# [PROVIDED DATA]
______
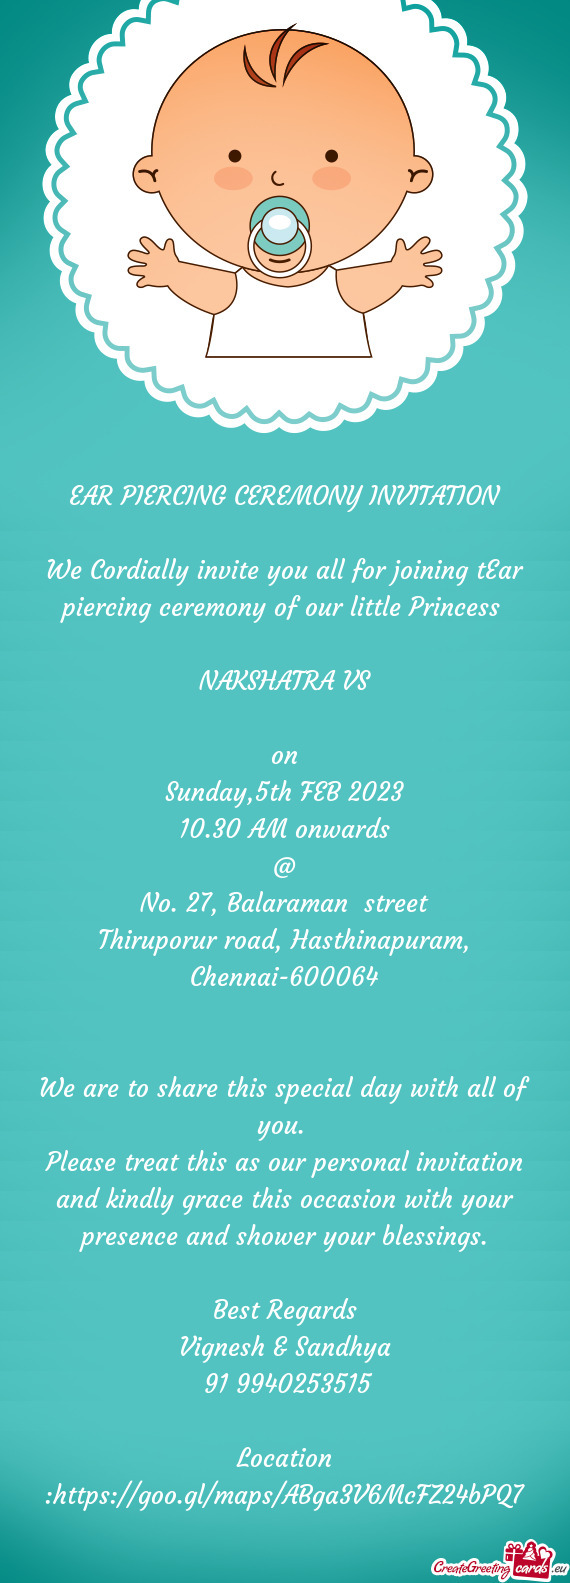 We Cordially invite you all for joining tEar piercing ceremony of our little Princess
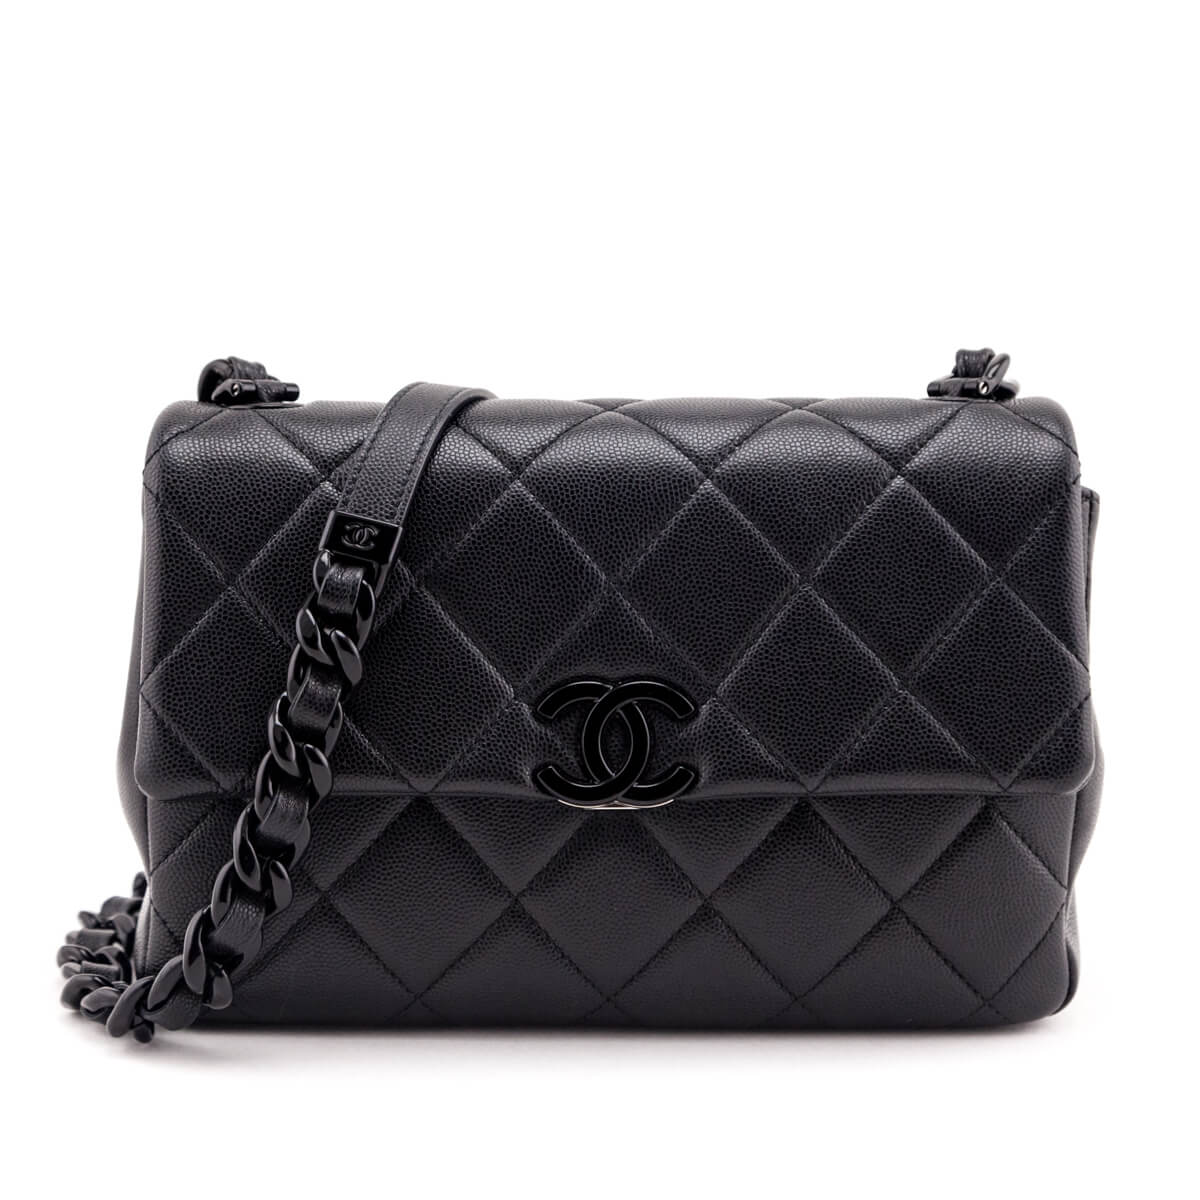 Chanel Black Quilted Grained Calfskin My Everything Flap Bag - Love that Bag etc - Preowned Authentic Designer Handbags & Preloved Fashions
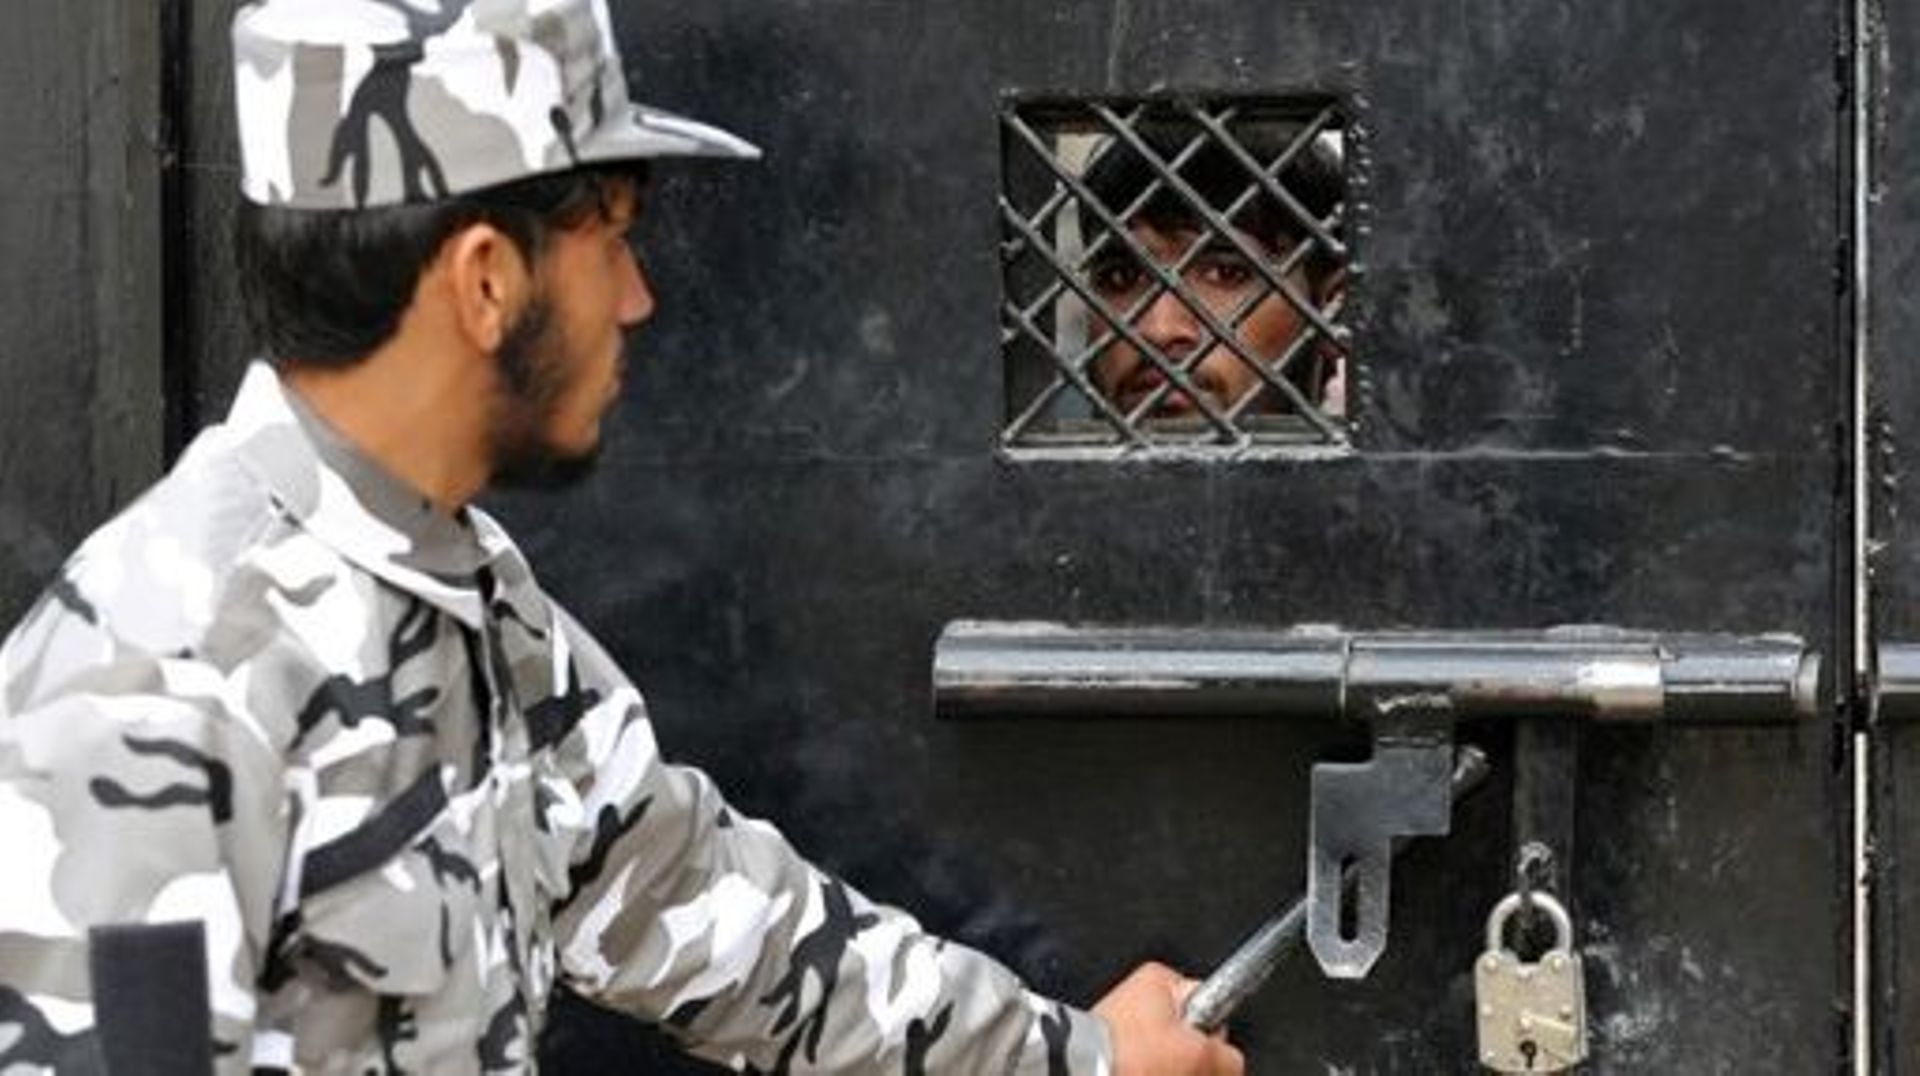 A member of Taliban security force stands guard as an inmate watches from behind the closed gate of a prison in Jalalabad on January 19, 2023.  Shafiullah KAKAR / AFP
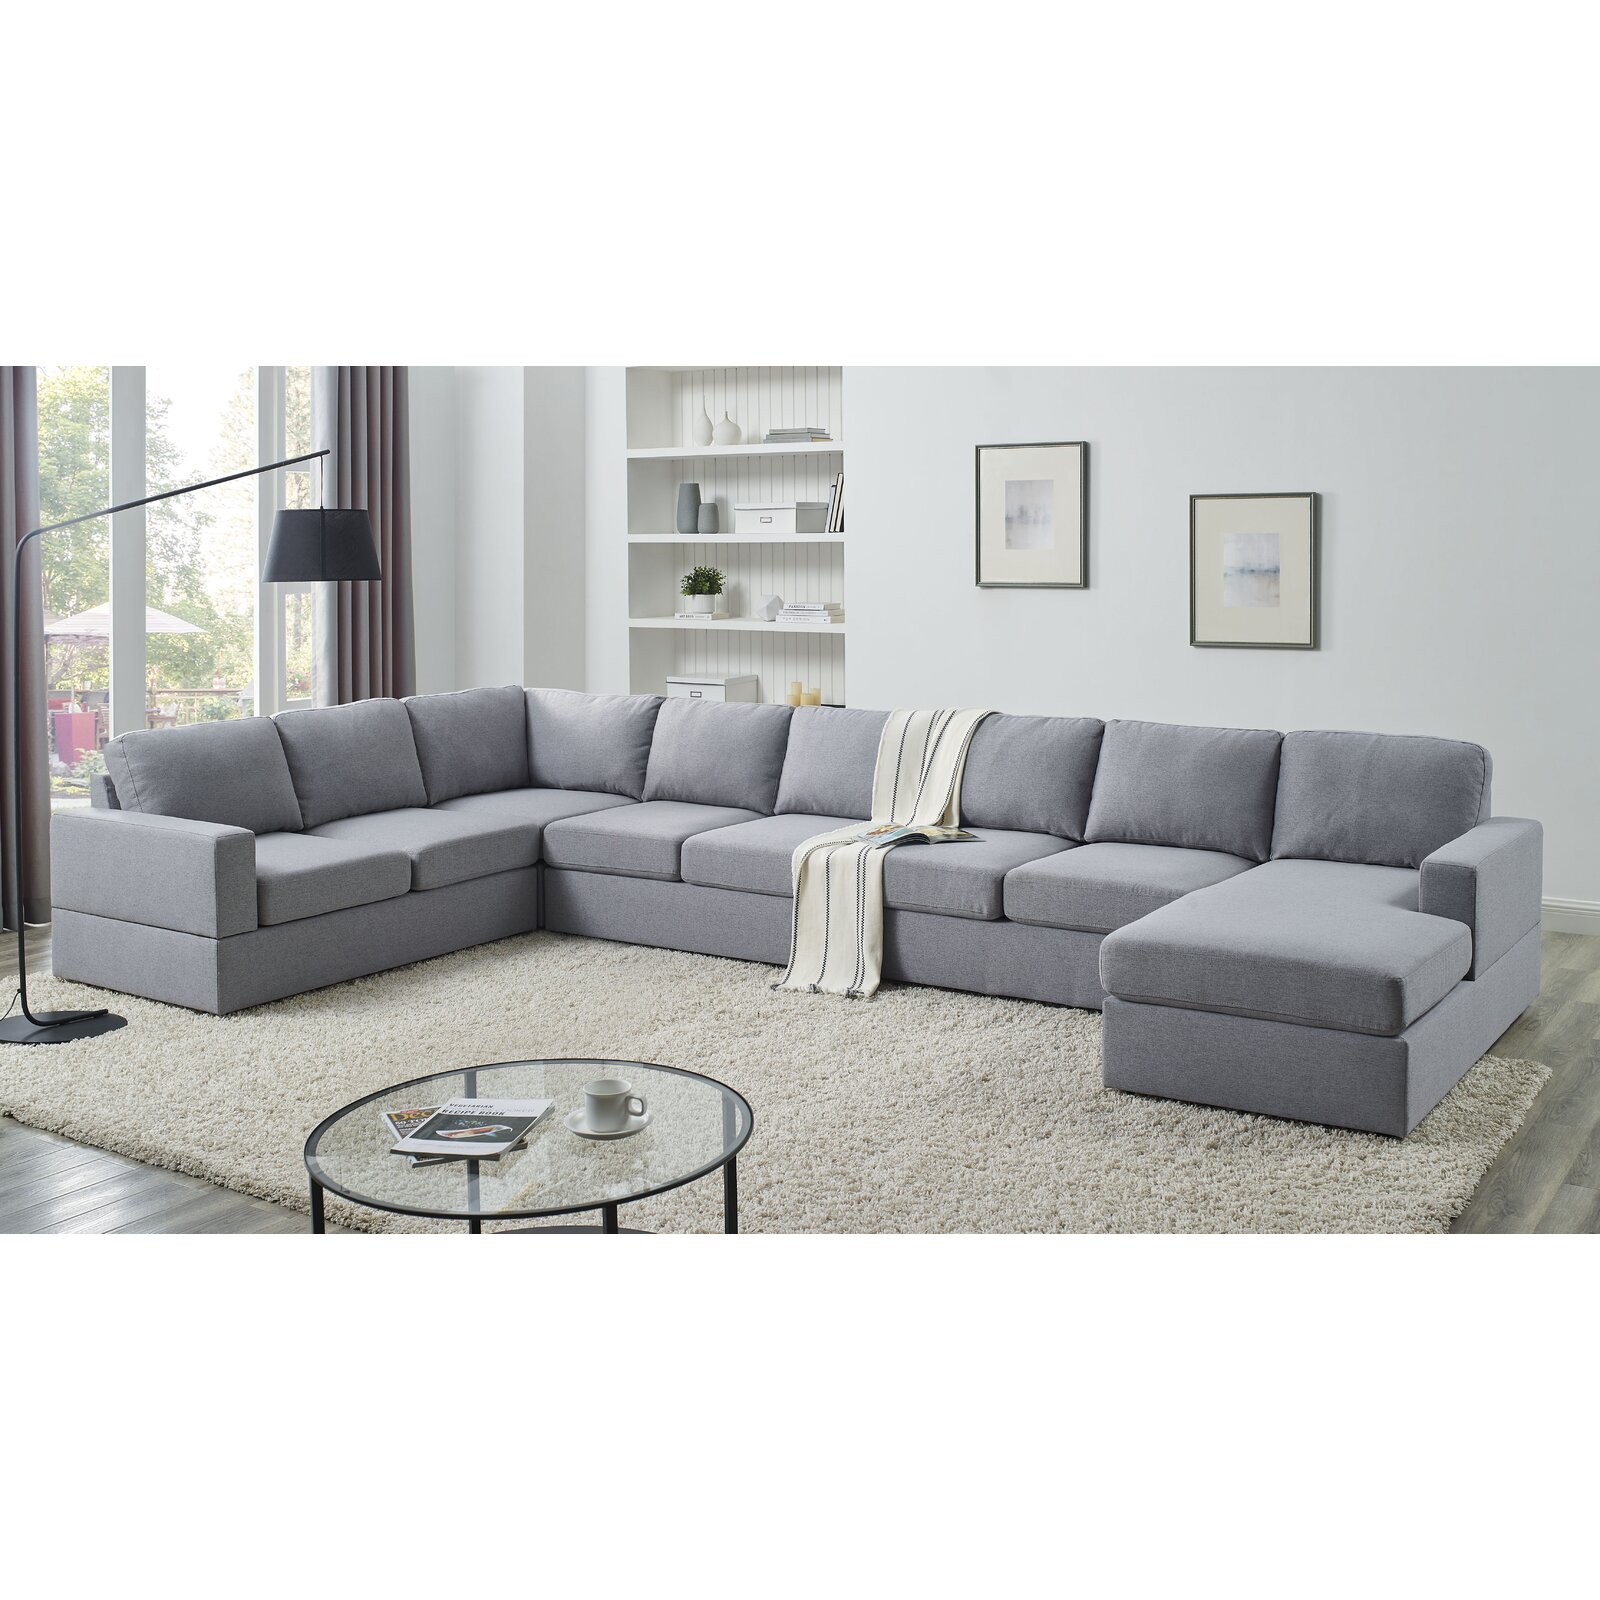 Greyleigh Ivybridge 5 - Piece Upholstered Sectional & Reviews
______
# [WHAT IS REQUIRED]
What is needed is an exact transcription of the lines from the one holding "A member of" to the end of the data, with every picture left out.

# [SOLVED PROBLEM]
 A member of Taliban security force stands guard as an inmate watches from behind the closed gate of a prison in Jalalabad on January 19, 2023.  Shafiullah KAKAR / AFP
 Greyleigh Ivybridge 5 - Piece Upholstered Sectional & Reviews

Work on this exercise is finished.